What are Analogous Structures?

Body parts that share a function but not an evolutionary origin — evidence of convergent evolution.

Example of Analogous Structures

Wings of butterflies, bats, and birds — all used for flight but each has a completely different internal anatomy and evolutionary origin.

What are Vestigial Structures?

Leftover organs or bones that no longer serve a function but were useful to the organism's ancestors.

Examples of Vestigial Structures

The human tailbone (coccyx) and pelvic bones found in whales.

How does Embryology support evolution?

Many vertebrate species go through remarkably similar developmental stages as embryos, suggesting they share a common evolutionary history and the same basic genetic script.

Embryology example

Human embryos develop gill slits and tails at certain stages, just like fish and chicken embryos do.

How does Molecular Biology (DNA) support evolution?

DNA sequence comparisons show exactly how closely related two species are — more similar sequences mean a more recently shared ancestor. It is the most modern and definitive line of evidence.

What is Cytochrome C and why does it matter for evolution?

A protein used in cellular respiration; the fewer differences in its amino acid sequence between two species, the more recently they shared a common ancestor.

What is Divergent Evolution?

Two or more species evolve from a common ancestor and become increasingly different over time.

What is Adaptive Radiation?

The process by which one species rapidly diversifies to fill many ecological niches; the key driver of divergent evolution.

Example of Divergent Evolution

Darwin's Finches — one original species reached the Galápagos Islands and evolved into many different species, each with unique beaks suited for different food sources.

What is Convergent Evolution?

Different, unrelated species with no common ancestor independently evolve similar traits due to similar selective pressures and environments.

Example of Convergent Evolution

Sharks and dolphins — sharks are fish, dolphins are mammals, but both independently evolved streamlined body shapes and fins for fast movement through water.

What is Parallel Evolution?

Two species that share a common ancestor independently evolve similar traits while living in similar environments in different parts of the world.

How does Parallel Evolution differ from Convergent Evolution?

In parallel evolution, the two species share a common ancestor.
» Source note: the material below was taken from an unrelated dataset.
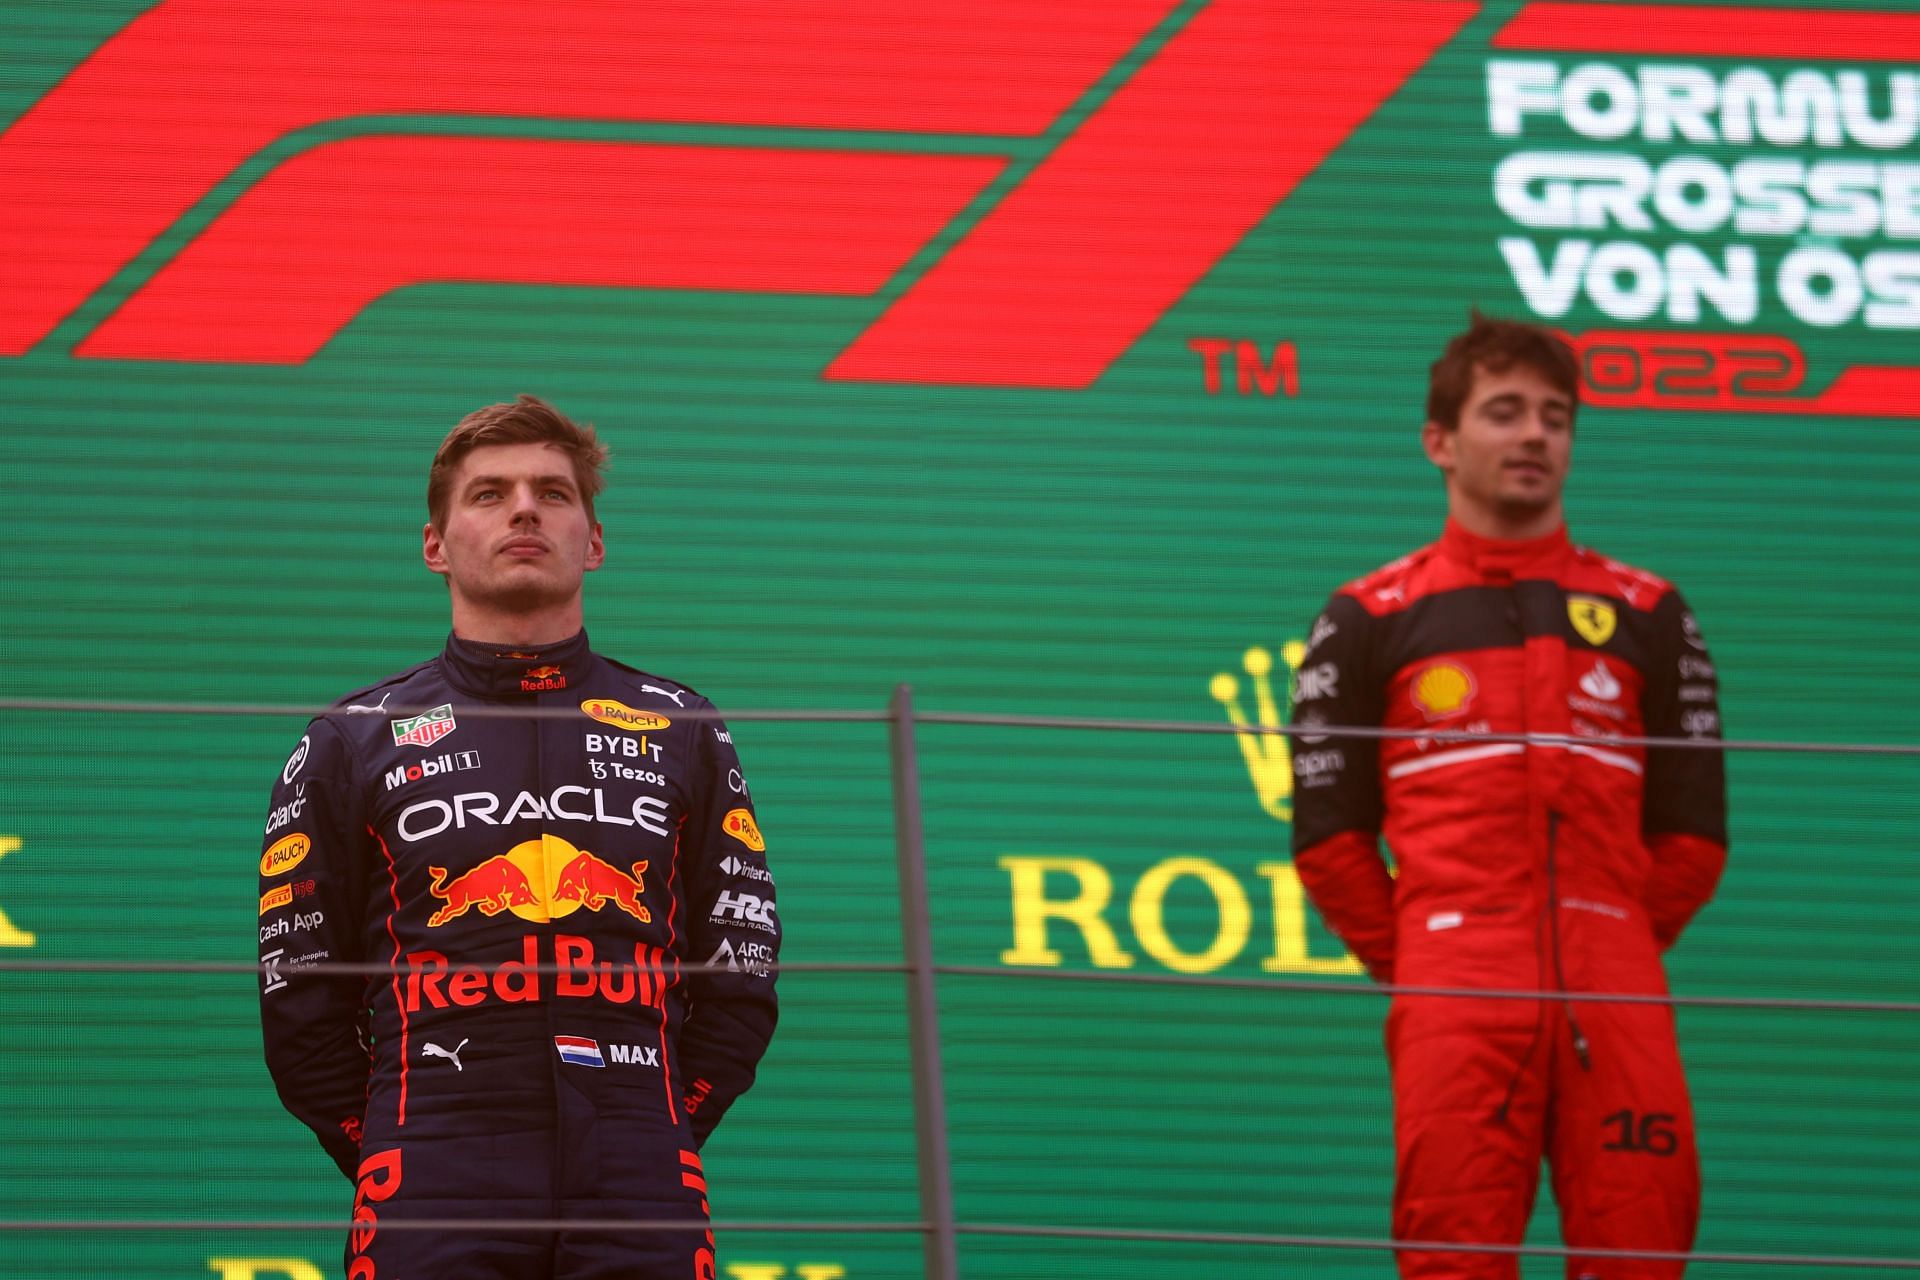 Leclerc and Verstappen are the two leading championship protagonists this season.

In convergent evolution, the species are completely unrelated with no common ancestor.

Example of Parallel Evolution

Marsupial vs. placental mammals — Australian marsupials evolved separately but independently evolved into animals that fill very similar ecological roles as placental mammals elsewhere.

What is Coevolution?

Two or more species influencing each other's evolution; a change in one species acts as a selective pressure on the other, creating an ongoing feedback loop.

Coevolution example — mutualism

Flowers and pollinators: flowers evolve to attract more pollinators; other flowers adapt in response, creating an evolutionary arms race.
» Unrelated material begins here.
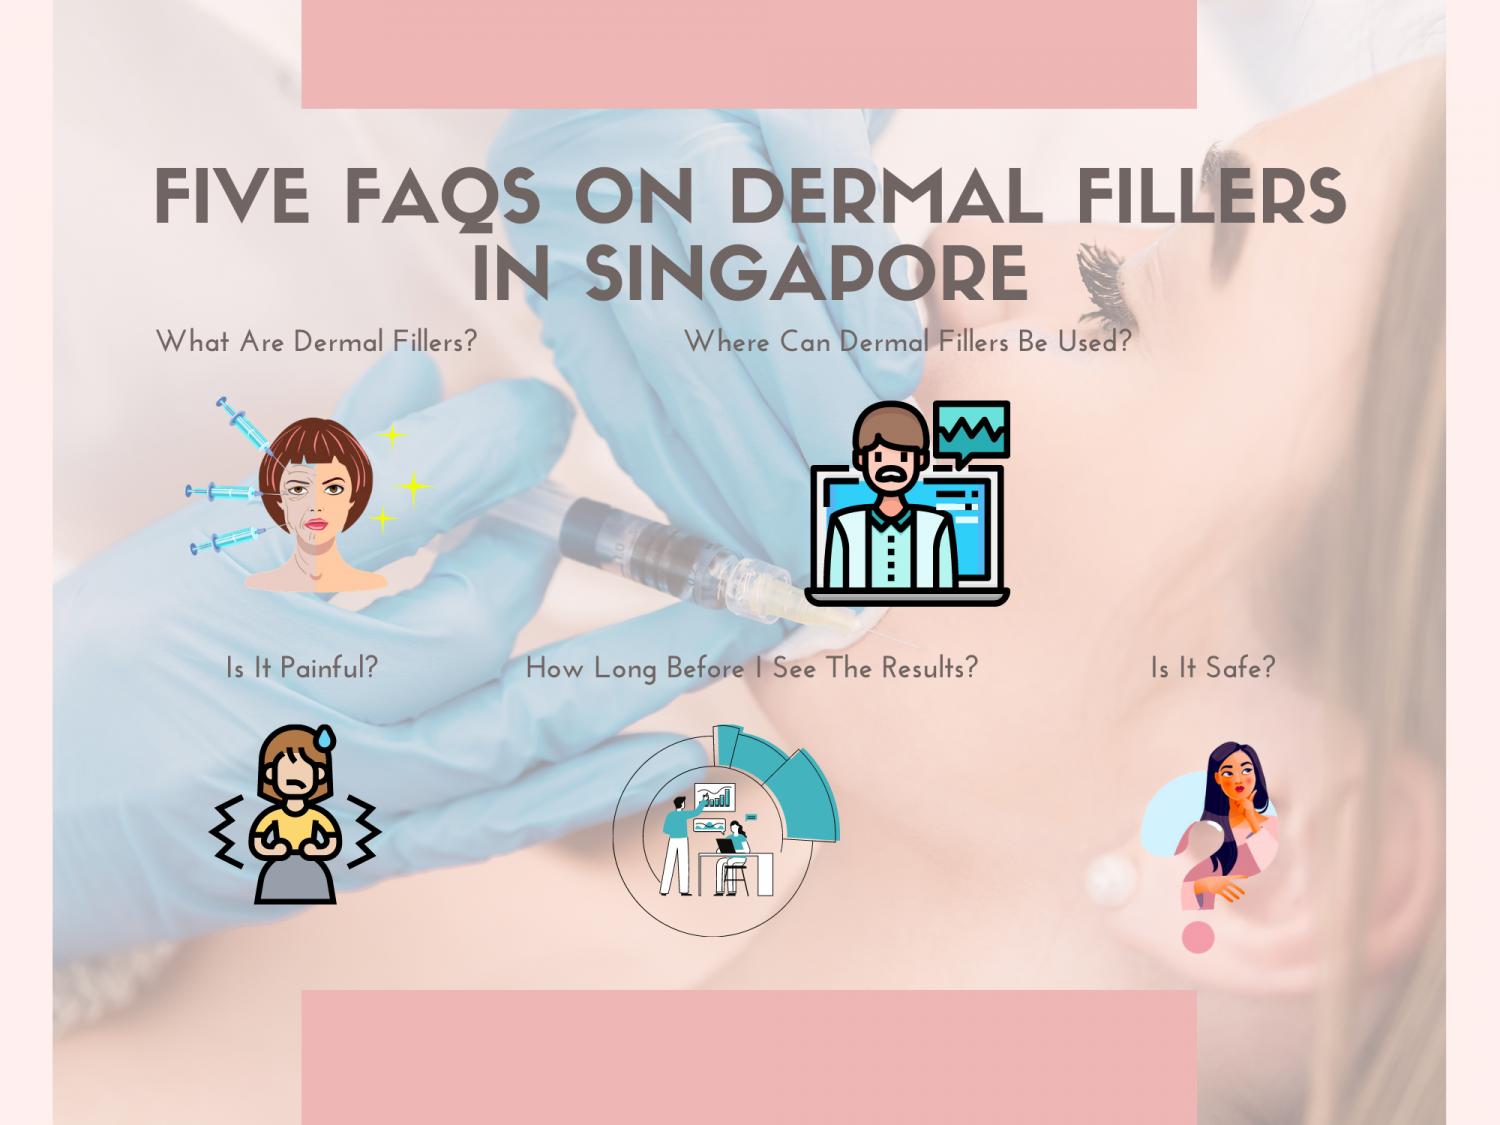 Five FAQs on Dermal Fillers in Singapore Infographic

Coevolution example — mimicry

The viceroy butterfly evolved to resemble the toxic monarch butterfly, deterring predators that mistake it for the poisonous species.

Coevolution example — predator/prey

Bats hunt hawkmoths via echolocation; hawkmoths evolved ultrasonic noise to disrupt bat sonar; bats then shifted to frequencies moths cannot detect.
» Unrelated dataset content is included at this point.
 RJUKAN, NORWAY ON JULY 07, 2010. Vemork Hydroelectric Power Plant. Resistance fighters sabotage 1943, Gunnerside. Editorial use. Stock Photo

What is Artificial Selection?

Humans choosing desired characteristics in parent organisms to produce offspring with those traits; driven by human choice, not natural selection.

Example of Artificial Selection

Domestication of dogs — all modern breeds descend from wolves but were selectively bred by humans for temperament, size, coat type, and other traits.

What does a node (branching point) on a phylogenetic tree represent?

A divergence event — the point at which one ancestral group split into two distinct descendant groups.

How do you find the most recent common ancestor on a phylogenetic tree?

Look for the shared node closest (most recent) to the species in question. Species sharing a closer node are more closely related than those whose shared node is further back on the tree.

How does DNA similarity relate to position on a phylogenetic tree?

Species with highly similar DNA sequences share a more recent common ancestor and are positioned closer together on the tree.